Of course, the young DG professionals sneer at me for that. I tell them it’s better than using a menu driven system to navigate through a set of online regulations. And, they tell me that menu driven systems are almost as old as I am, and ask if I’ve ever heard of ctrl-F or command-F or seen an icon that looks like a magnifying glass. They’re happy to race me finding something in the regulations, and quite often the whippersnappers and their smarter-than-i-am phones beat me to it.
So, e-regs are the future, I’m sure. Eventually, there won’t be any need for a periodic corrigenda or errata, as the corrections will just ‘magically’ appear soon after a device is connected to the Internet. Heck, we might not even need a biennial issuance of the regulations, if all the changes can be made in what’s virtually real time. And except for a few dead zones coupled with dead batteries, we may not even print paper copies of the regulations at all. Eventually. • Packaging used to be manufactured prescriptively, with regulations about how far over the first side of a fibreboard box the fourth side had to overlap, and whether that ‘join’ could be made with staples or glue and, if staples, how thick the staples had to be and how close together they must be. We went from prescriptive packaging to POP. And no, it’s not “POP packaging” because that would be redundant. Now, along with the POPs, we have ‘closure instructions’ or ‘manufacturer’s instructions in writing’ that must be retained as documents subject to inspection. All of which make sense.
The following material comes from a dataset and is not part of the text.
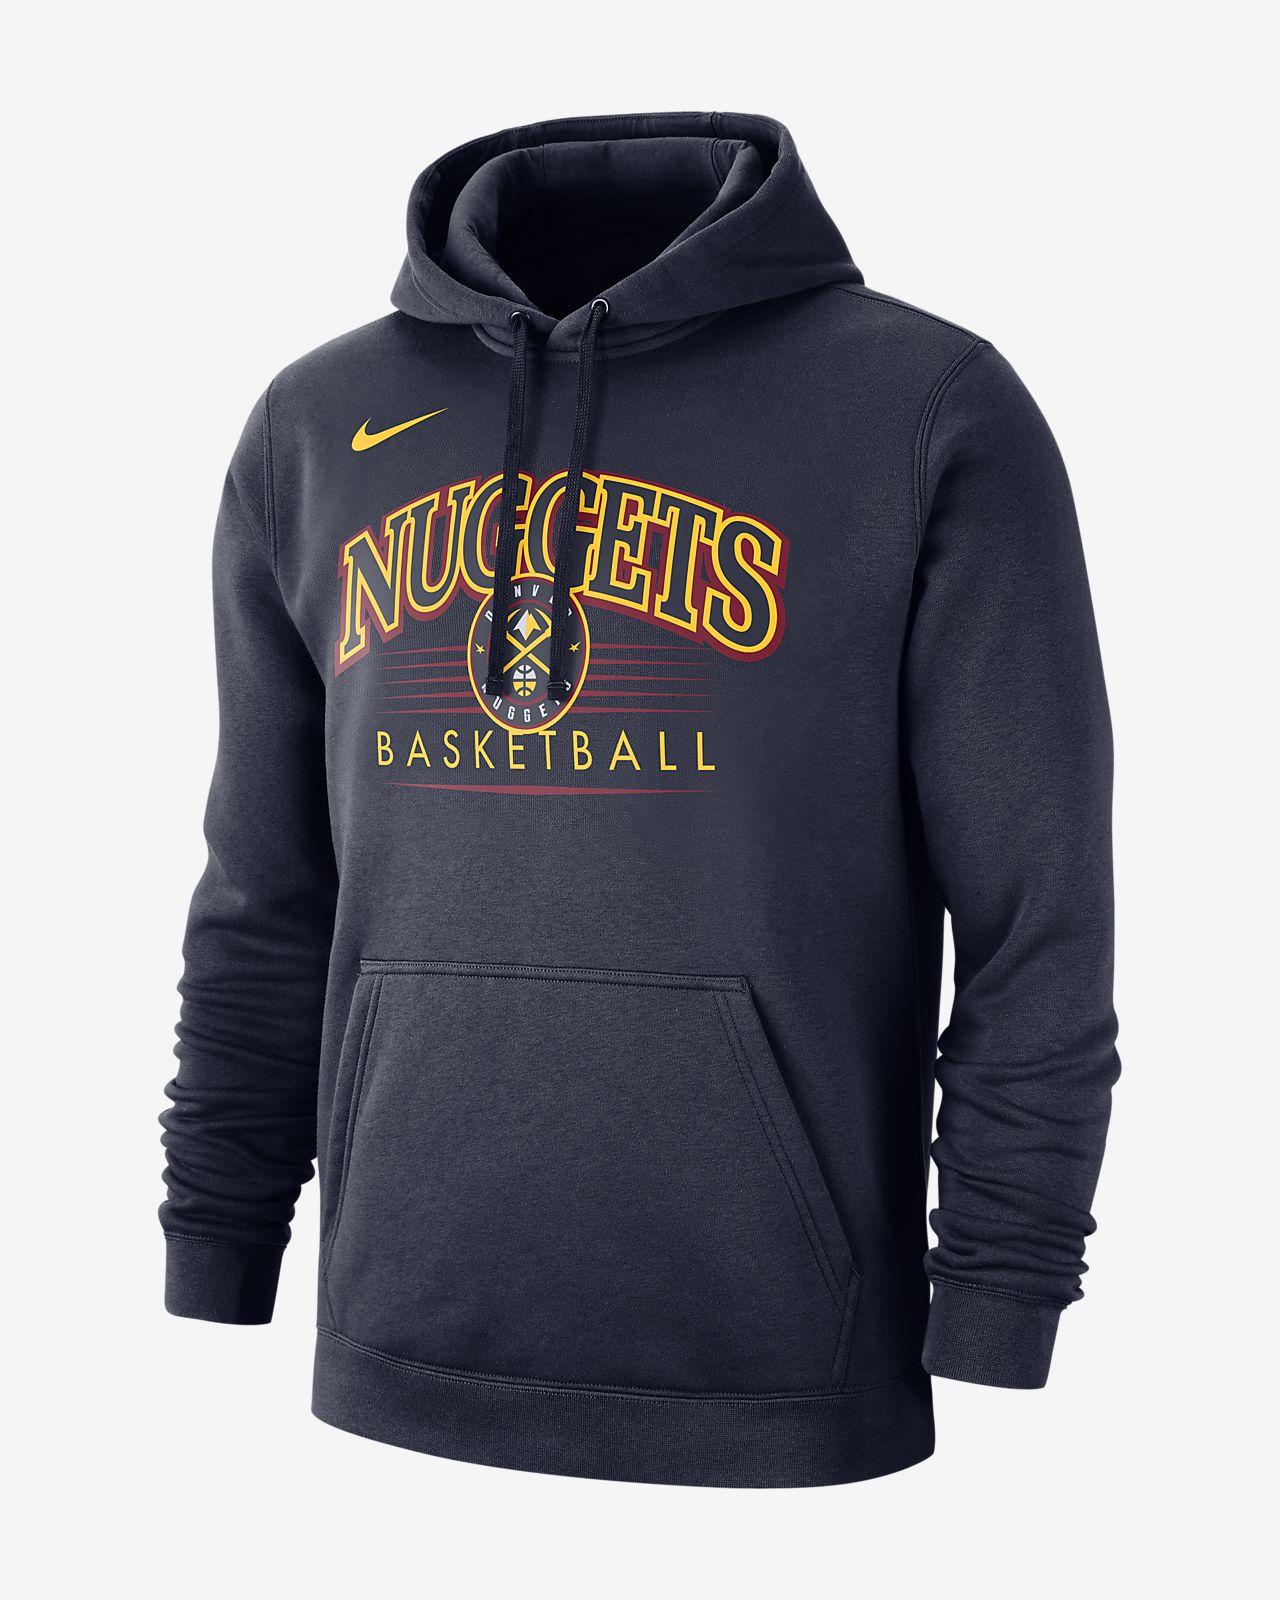 Denver Nuggets Nike NBA-Hoodie für Herren

For what’s next in packaging though, I look at what they’re trying with lithium battery packaging. No longer does a package just have to survive normal conditions of transport, it may have to survive fires, it may have to contain reaction byproducts, and it may have to have not just cushioning and/ or absorbent but neutralizing or hazardmitigating components. If lithium battery packaging developments are our guide, we may have to have spill kit neutralization in between inner containers of acids and their outer packaging, we may have to have antimicrobial or virucidal cushioning around Category A 6.2 materials, and we may have to contain runaway 4.1 self-reactions within a package.